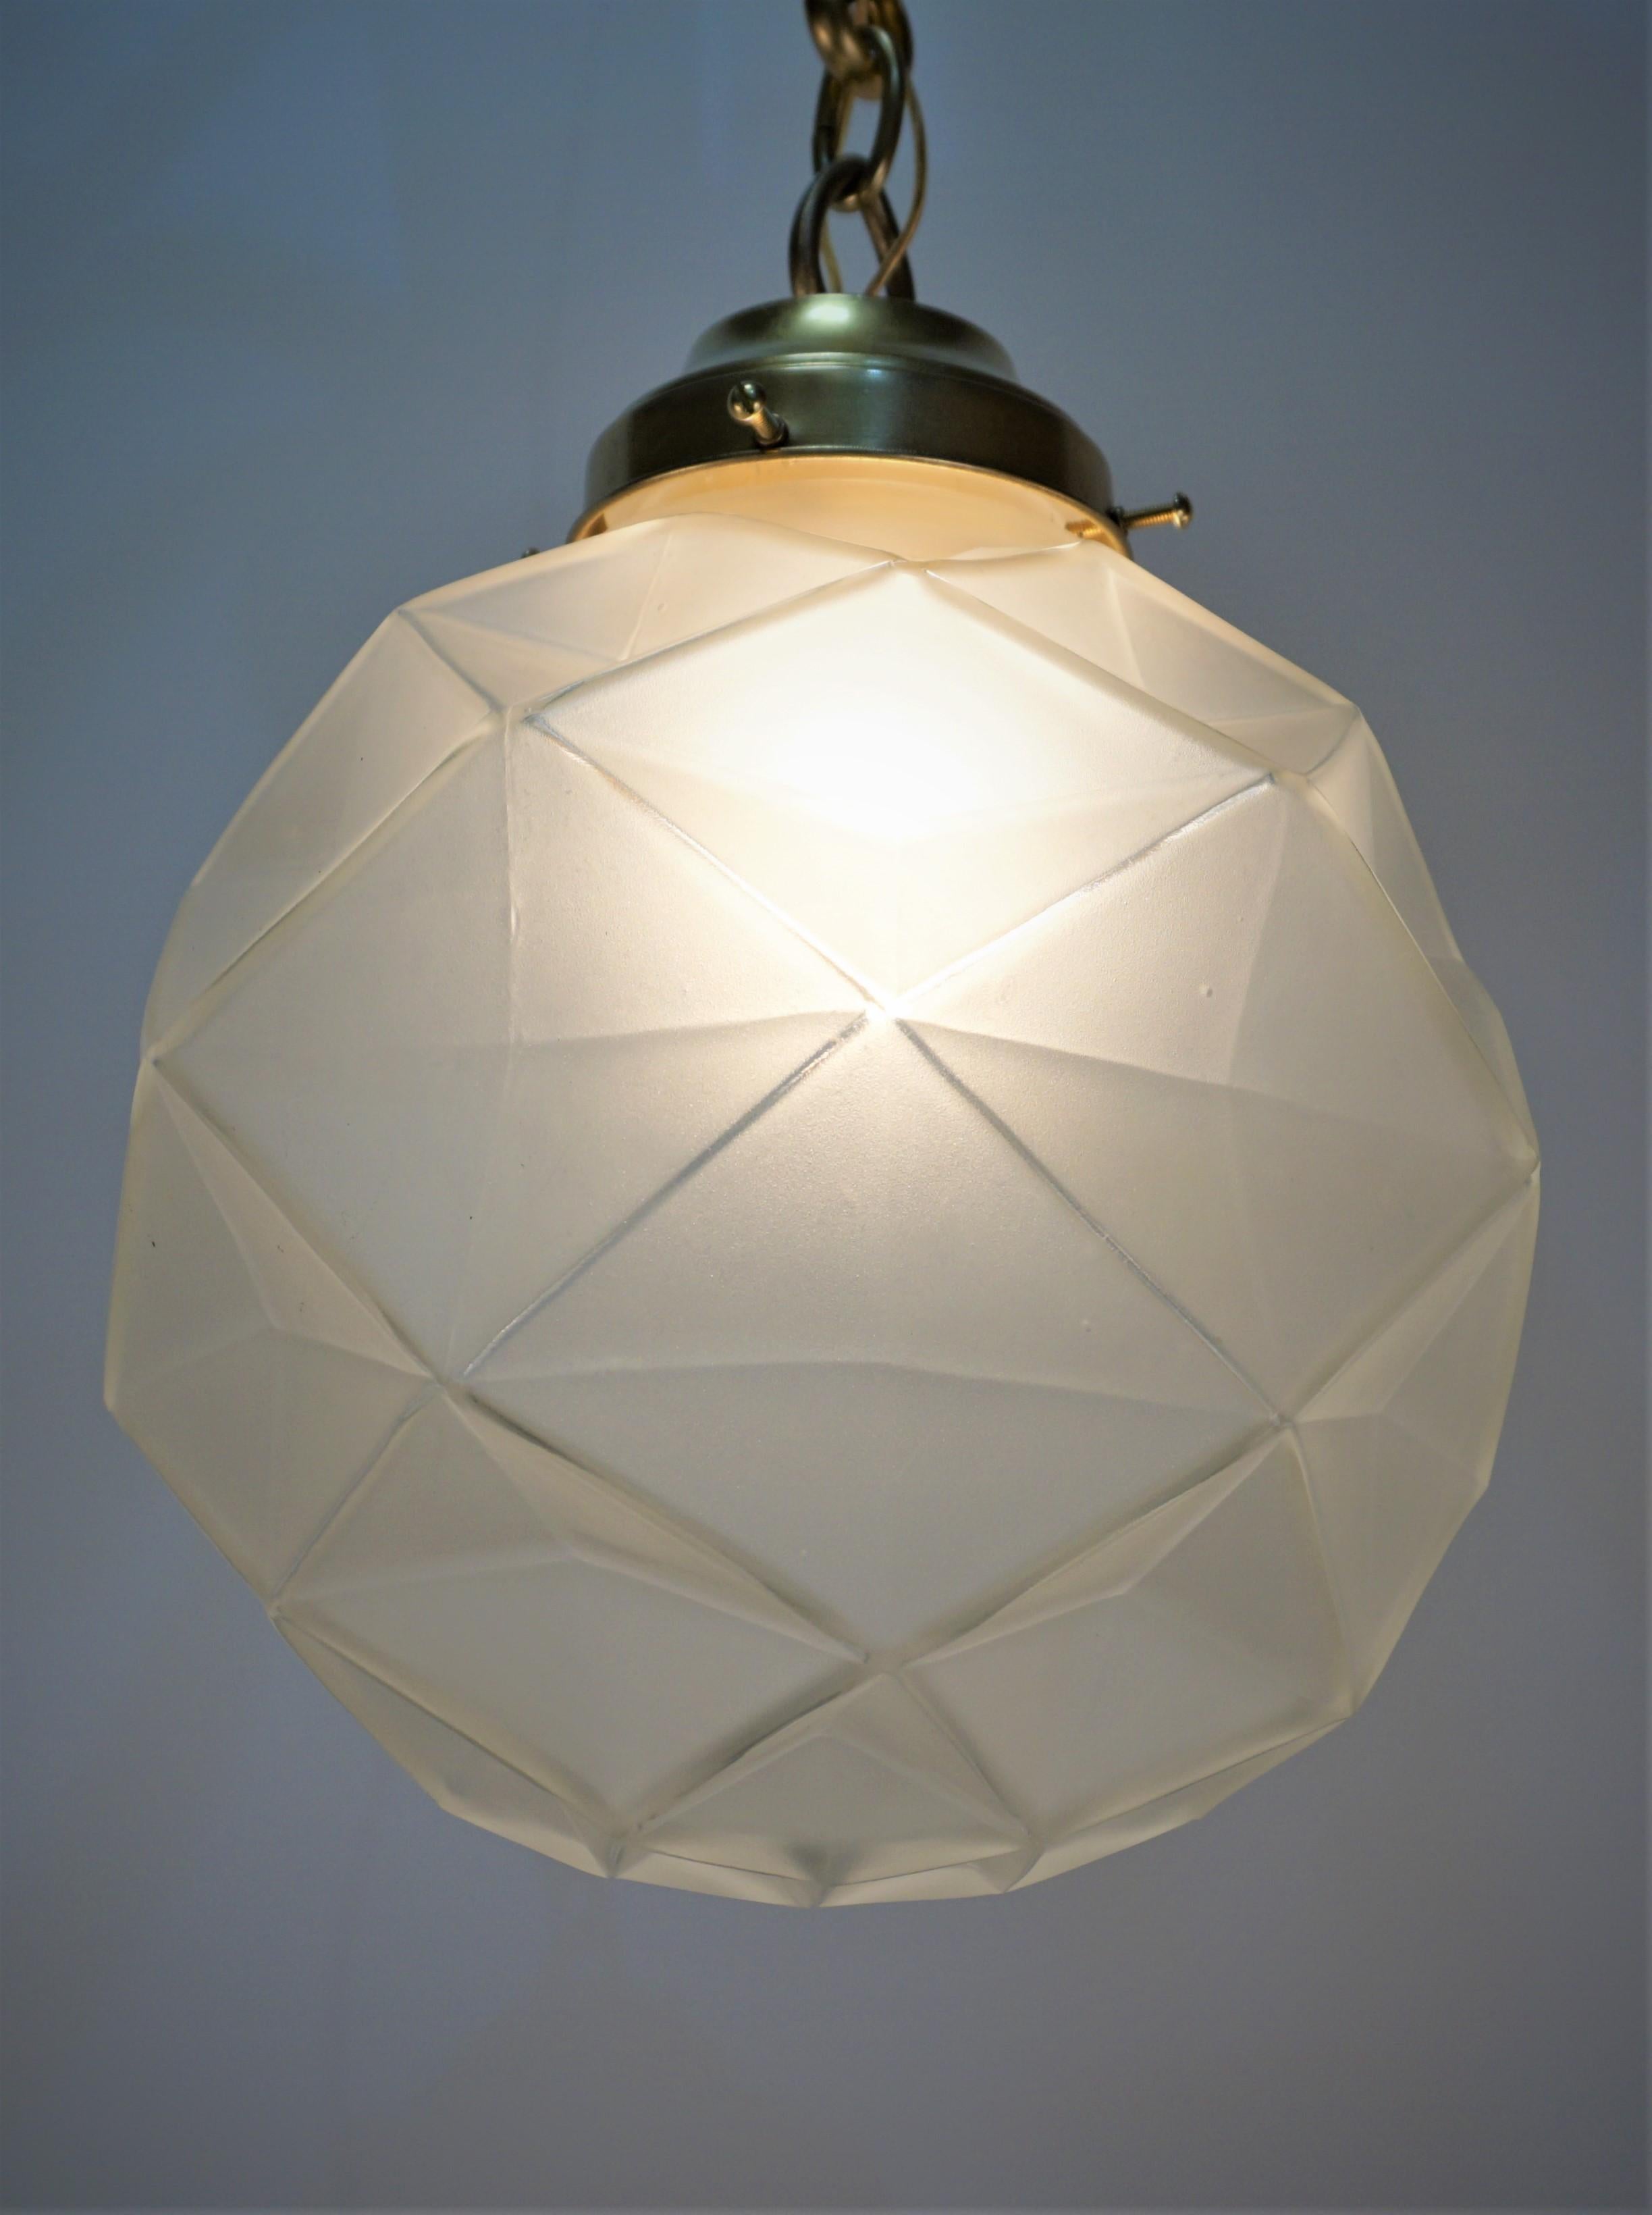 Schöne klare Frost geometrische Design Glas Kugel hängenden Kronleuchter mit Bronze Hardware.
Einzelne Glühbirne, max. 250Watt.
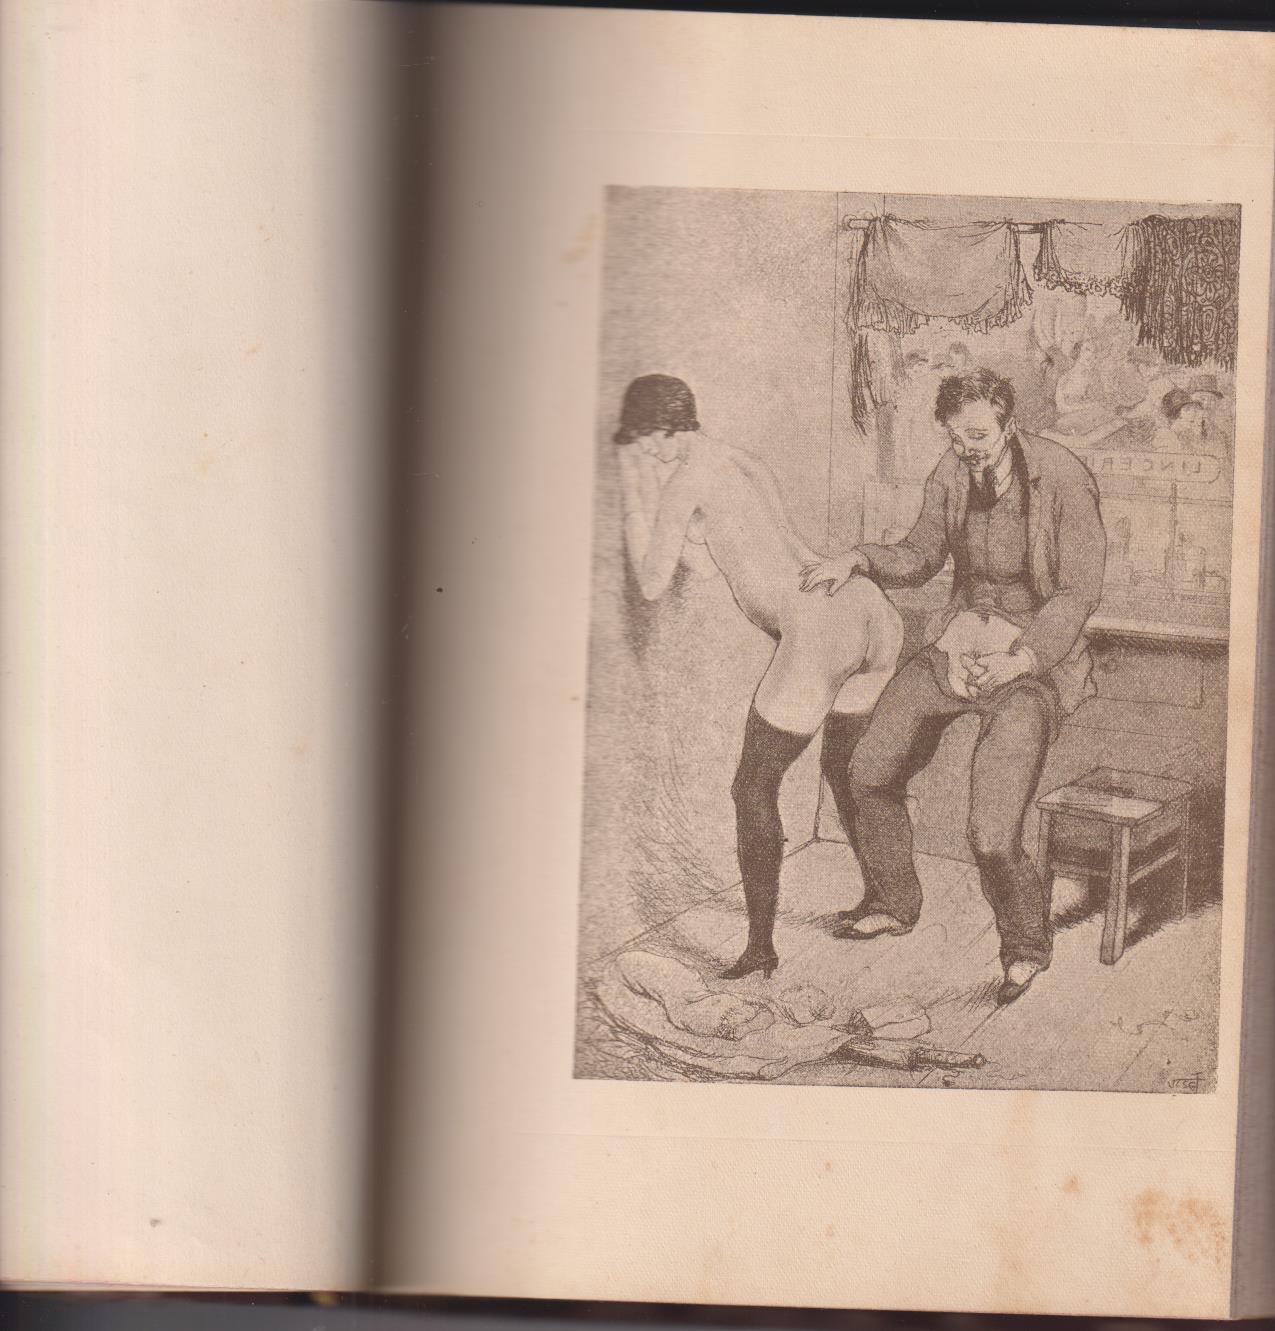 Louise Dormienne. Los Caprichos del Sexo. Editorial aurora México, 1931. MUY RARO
────
■ **Work request**: Every line of the data above is to be set down word for word, with the pictures left out.

■ **Task response**:
 Schöne klare Frost geometrische Design Glas Kugel hängenden Kronleuchter mit Bronze Hardware.
Einzelne Glühbirne, max. 250Watt.
 Louise Dormienne. Los Caprichos del Sexo. Editorial aurora México, 1931. MUY RARO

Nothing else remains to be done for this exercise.